4.4.3 Decomposition of the inertia
Principal inertias (eigenvalues):
dim value % cum% scree plot
1 0.039117 47.2 47.2 ************
2 0.030381 36.7 83.9 *********
3 0.010869 13.1 97.0 ***
4 0.002512 3.0 100.0 *
-------- -----
Total: 0.082879 100.0
Rows:
name mass qlt inr k=1 cor ctr k=2 cor ctr
1 | Geol | 107 916 137 | 76 55 16 | 303 861 322 |
2 | Bioc | 36 881 119 | 180 119 30 | -455 762 248 |
3 | Chem | 163 644 21 | 38 134 6 | 73 510 29 |
4 | Zool | 151 929 230 | -327 846 413 | 102 83 52 |
5 | Phys | 143 886 196 | 316 880 365 | 27 6 3 |
6 | Engi | 111 870 152 | -117 121 39 | -292 749 310 |
7 | Micr | 46 680 10 | 13 9 0 | -110 671 18 |
8 | Bota | 108 654 67 | -179 625 88 | -39 29 5 |
9 | Stat | 36 561 12 | 125 554 14 | 14 7 0 |
10 | Math | 98 319 56 | 107 240 29 | -61 79 12 |
Columns:
name mass qlt inr k=1 cor ctr k=2 cor ctr
1 | A | 39 587 187 | 478 574 228 | 72 13 7 |
2 | B | 161 816 110 | 127 286 67 | 173 531 159 |
3 | C | 389 465 94 | 83 341 68 | 50 124 32 |
4 | D | 162 968 347 | -390 859 632 | 139 109 103 |
5 | E | 249 990 262 | -32 12 6 | -292 978 699 |The first part of the output of summary shows that the \(10\times 5\) table produces 4 principal axes (dimensions). The two first (used in the CA map) explain 83.9% of the total inertia. The value of the \(\chi^2\) statistic is \(total\;inertia\times n = 65.97.\)
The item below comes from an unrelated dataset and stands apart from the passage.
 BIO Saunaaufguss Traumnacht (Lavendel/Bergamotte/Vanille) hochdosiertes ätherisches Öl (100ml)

The subsequent output provides more comprehensive details about how the inertia/variability is decomposed by rows and columns, the contributions of these to each principal axis, and how well they are represented in the CA map (we refer to Greenacre (2007)’s book for more details about these measures).
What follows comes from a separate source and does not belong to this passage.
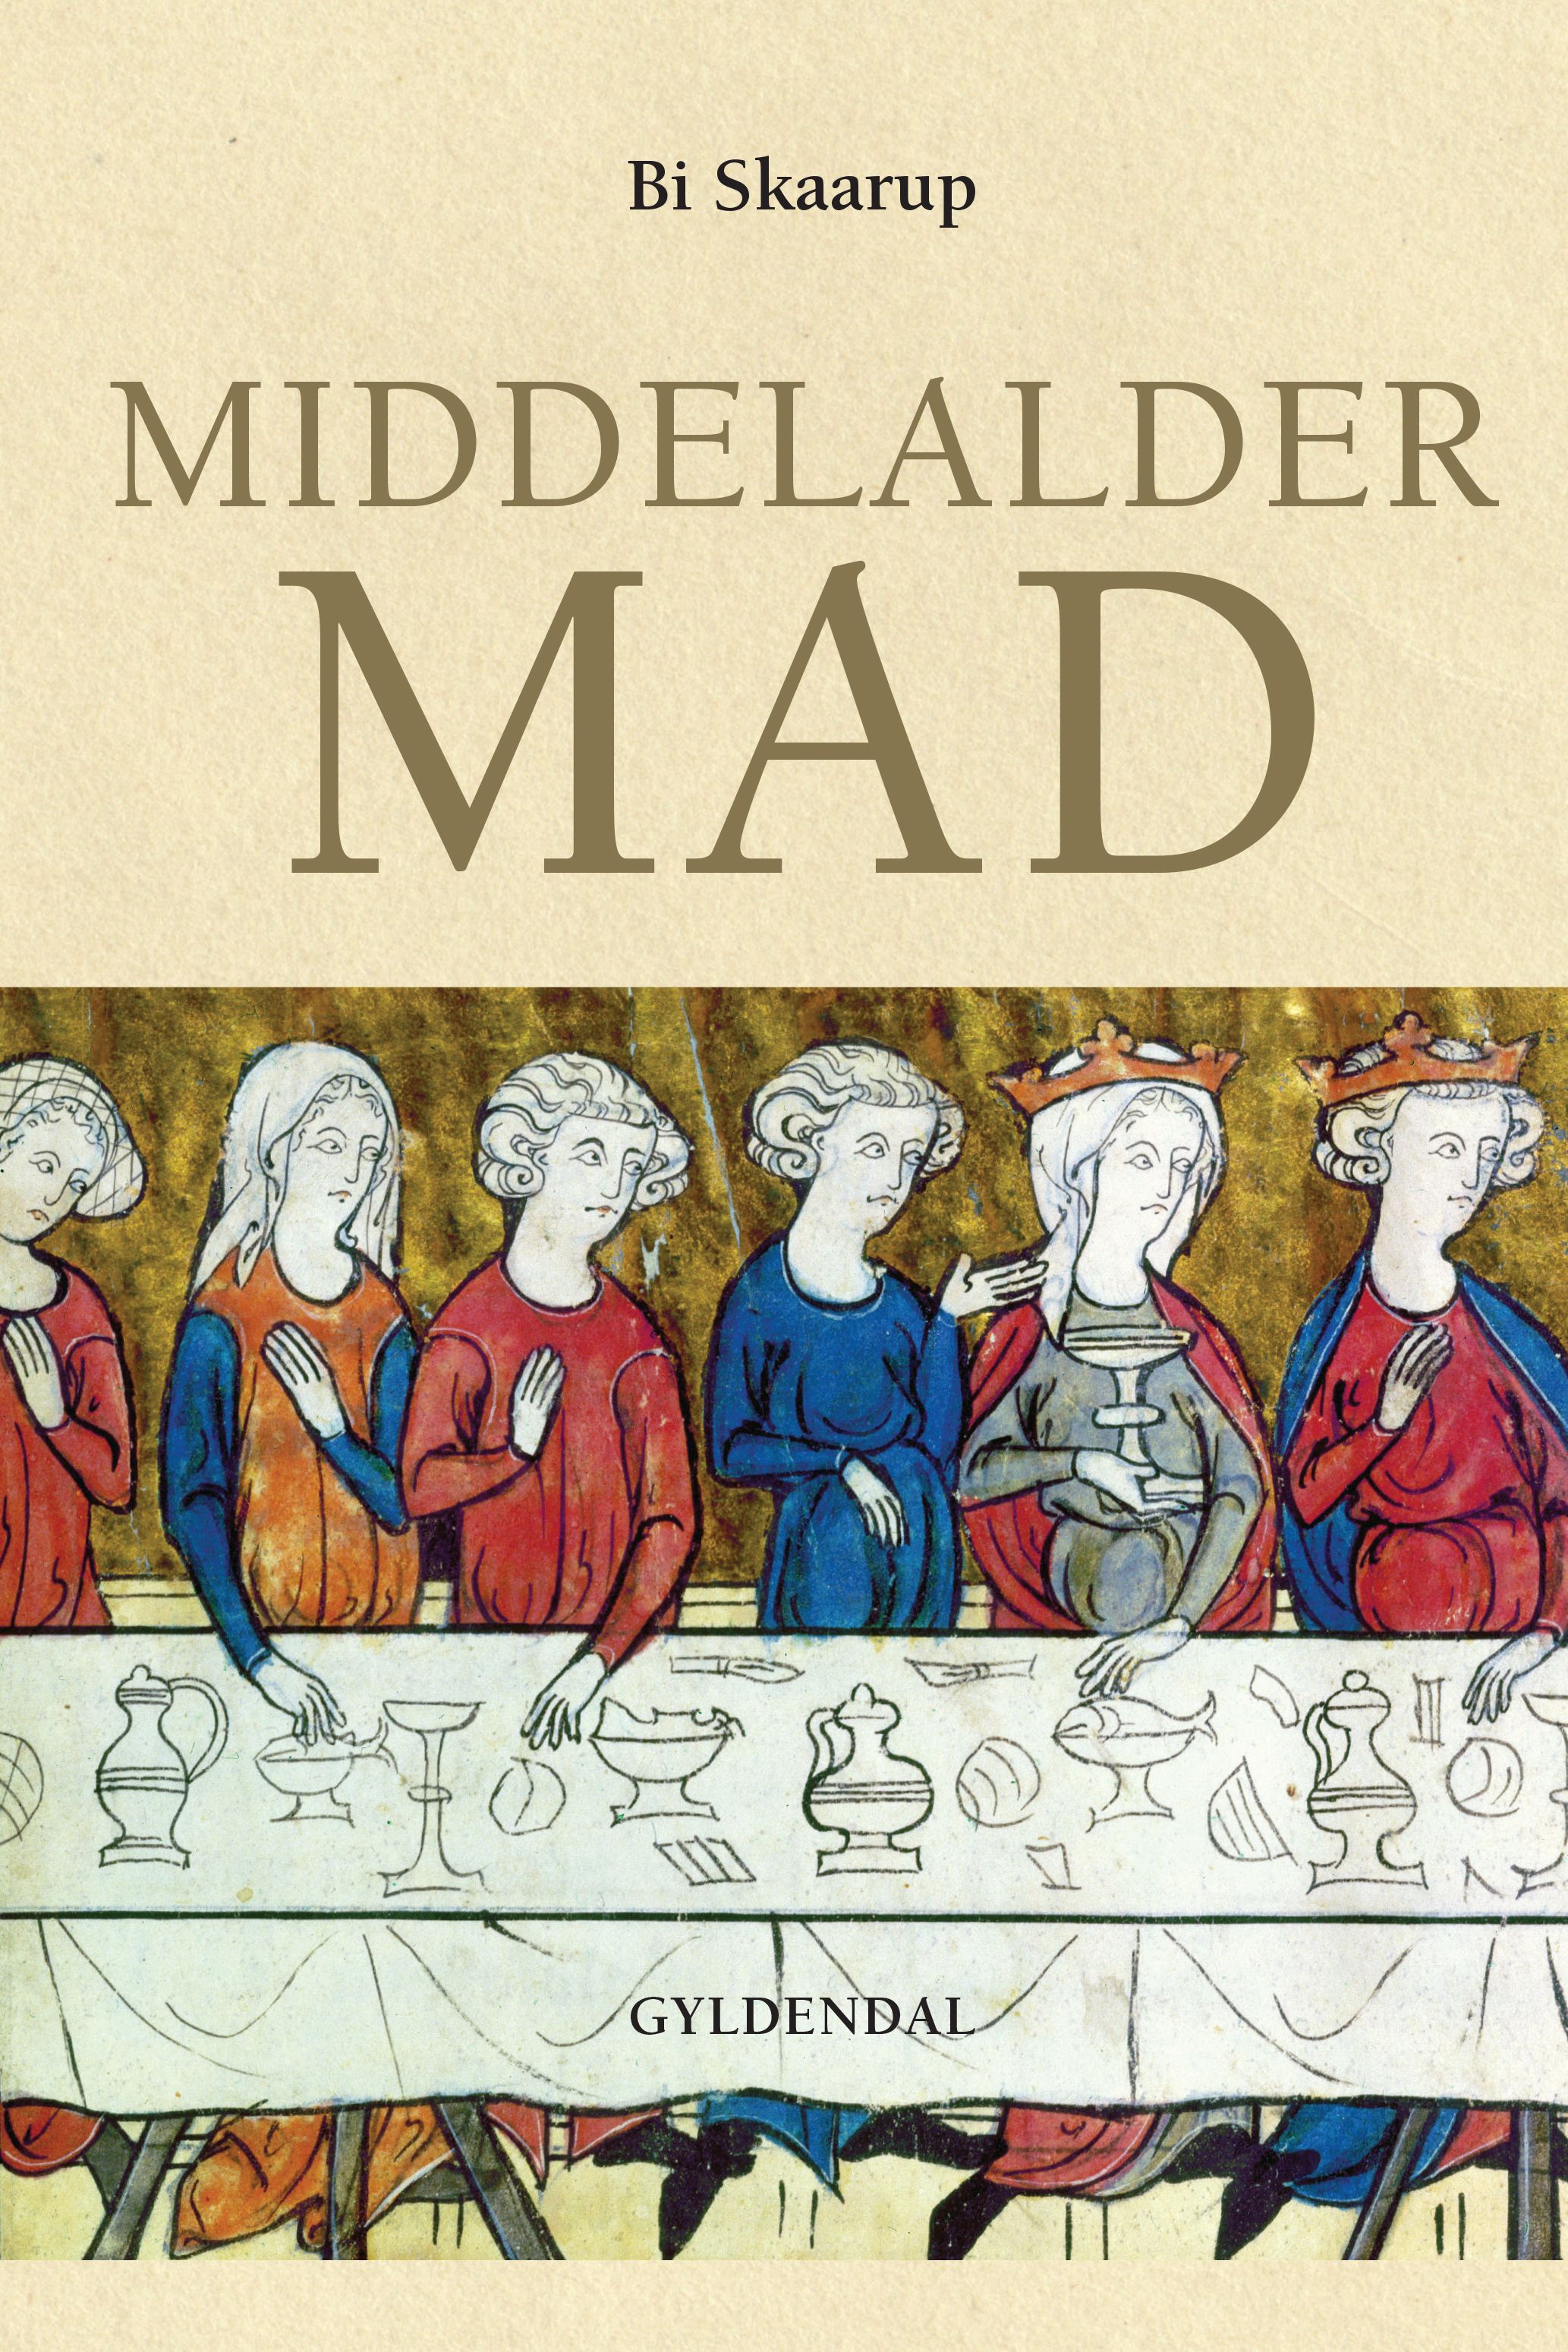 Middelaldermad, e-bog af Bi Skaarup

4.5 Case study 2: marine species abundance
The data set consists of abundance (frequencies) of 92 marine species in 13 stations (samples) in the North sea
species <- read.table("SpecAbund.txt", h = T, stringsAsFactors = TRUE)
# Show first lines of the table
head(species) Species S4 S8 S9 S12 S13 S14 S15 S18 S19 S23 S24 R40 R42
1 Myri_ocul 193 79 150 72 141 302 114 136 267 271 992 5 12
2 Chae_seto 34 4 247 19 52 250 331 12 125 37 12 8 3
3 Amph_falc 49 58 66 47 78 92 113 38 96 76 37 0 5
4 Myse_bide 30 11 36 65 35 37 21 3 20 156 12 58 43
5 Goni_macu 35 39 41 37 32 45 41 41 31 29 64 32 23
6 Amph_fili 19 39 11 38 18 20 11 22 30 40 3 55 65Stations starting with S are close to oil-drill platform (pollution), stations R40 and R42 are regarded as clean reference samples.
# Extract the counts and use site as row label
sp.counts <- data.frame(row.names = species$Species, species[2:14])
sp.ca <- ca(sp.counts)
plot(sp.ca, map = "rowprincipal") # Use different scaling to facilitate interpretation
Stations form a curve from most polluted stations to least polluted stations. Reference clean stations (R40, R42) are far from the drilling area.
Station 24 separates out from the others: higher relative abundance of Echi.sp and Myri.ocul. here. Species Eumi.oke. is linked to the most polluted stations.
The two first CA dimensions explain 57.5% of the total variation.